• [Extracted records]
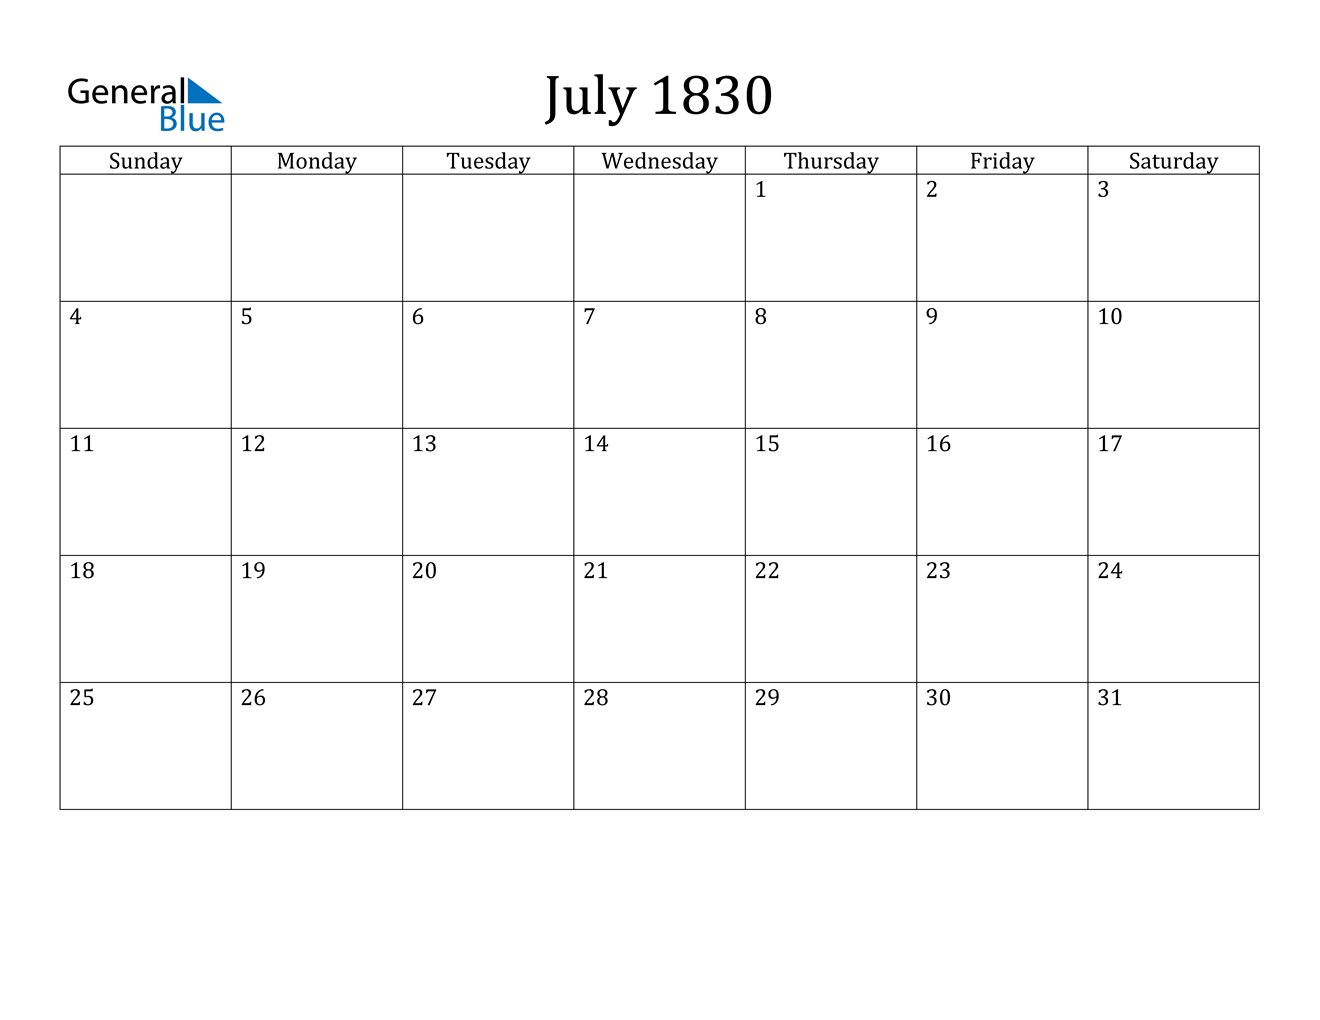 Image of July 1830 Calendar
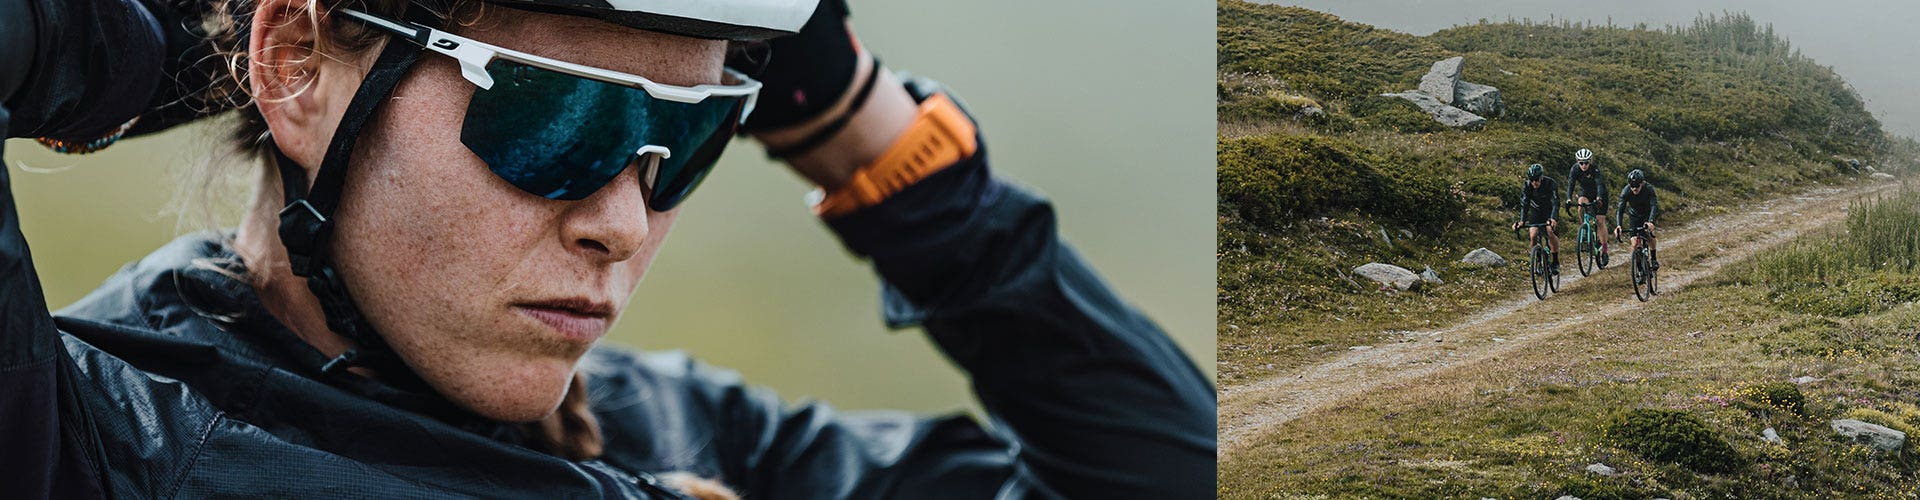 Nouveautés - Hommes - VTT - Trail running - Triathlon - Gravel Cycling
* * *
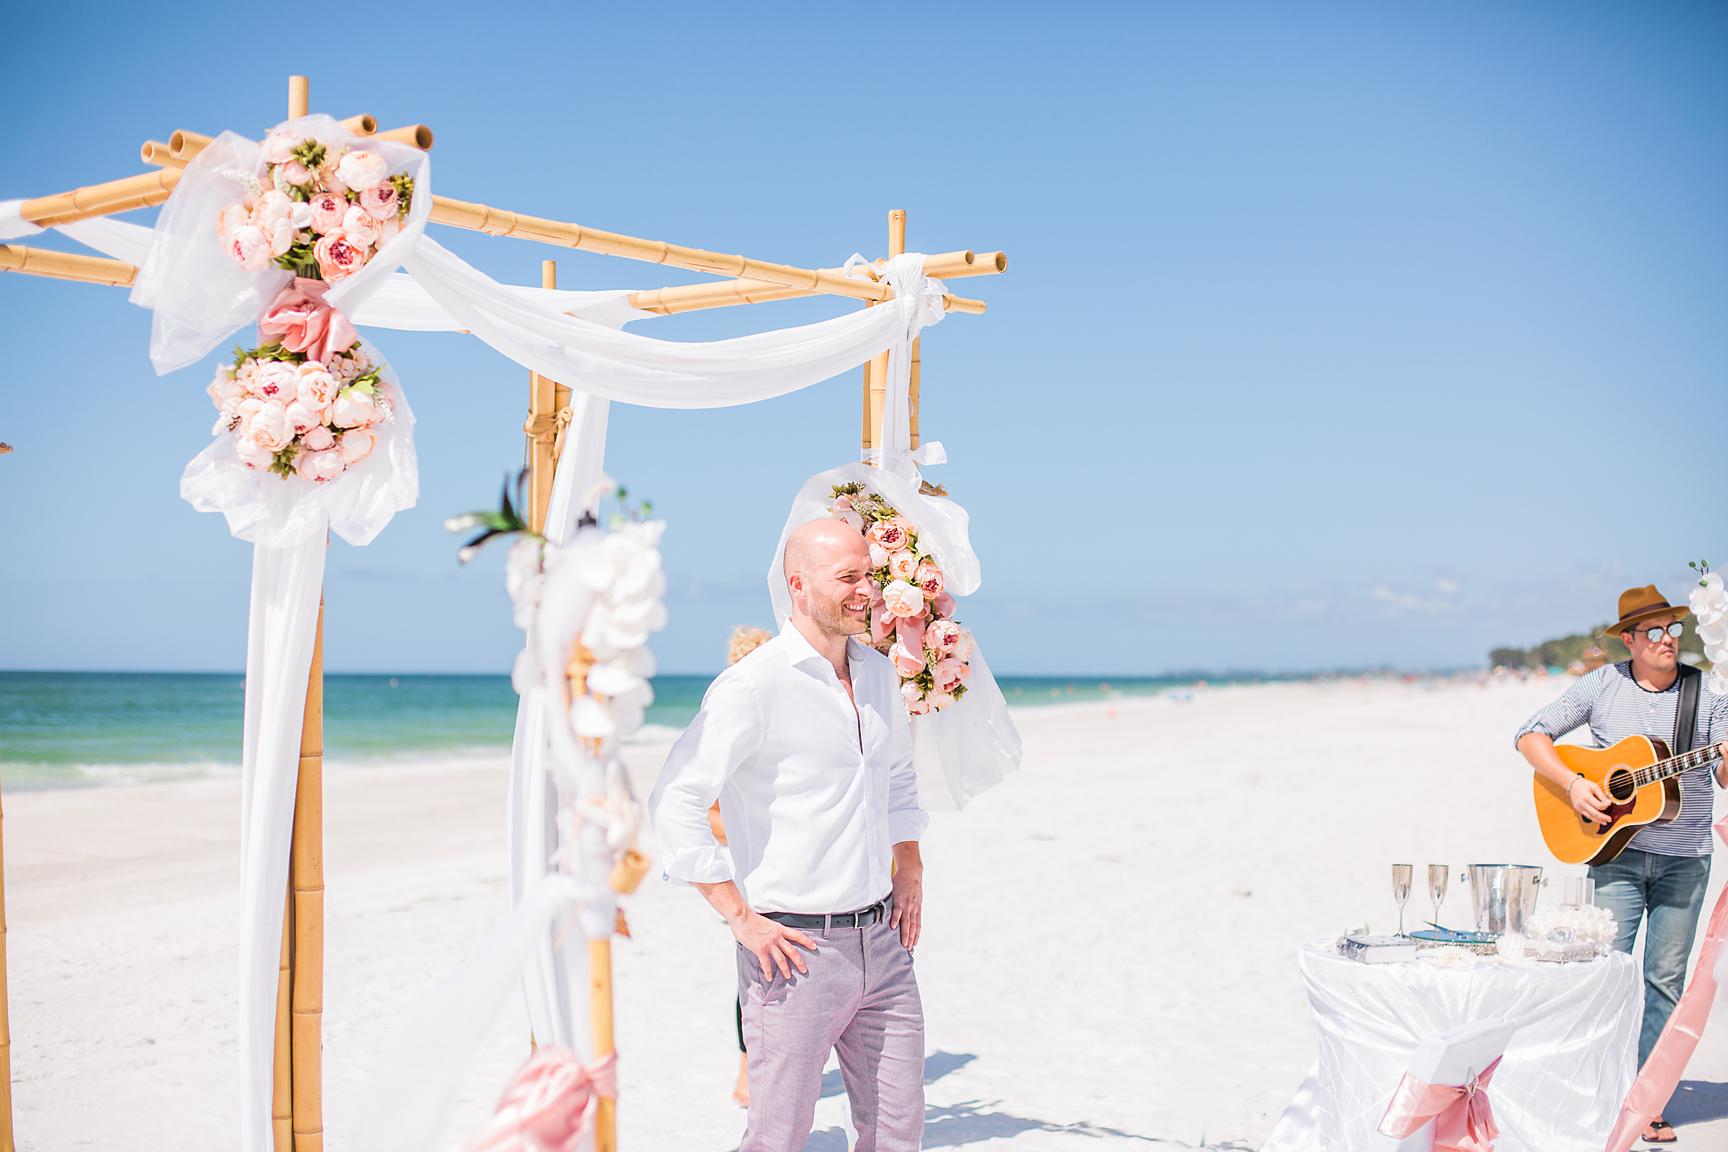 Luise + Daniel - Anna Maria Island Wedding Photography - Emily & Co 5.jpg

• [Task requirements]
Using the entries above, transcribe every line from the line containing "Image of July 1830 Calendar" through the line containing "Nouveautés - Hommes". Do not copy pictures.

• [Response to this task]
 Image of July 1830 Calendar
 Nouveautés - Hommes - VTT - Trail running - Triathlon - Gravel Cycling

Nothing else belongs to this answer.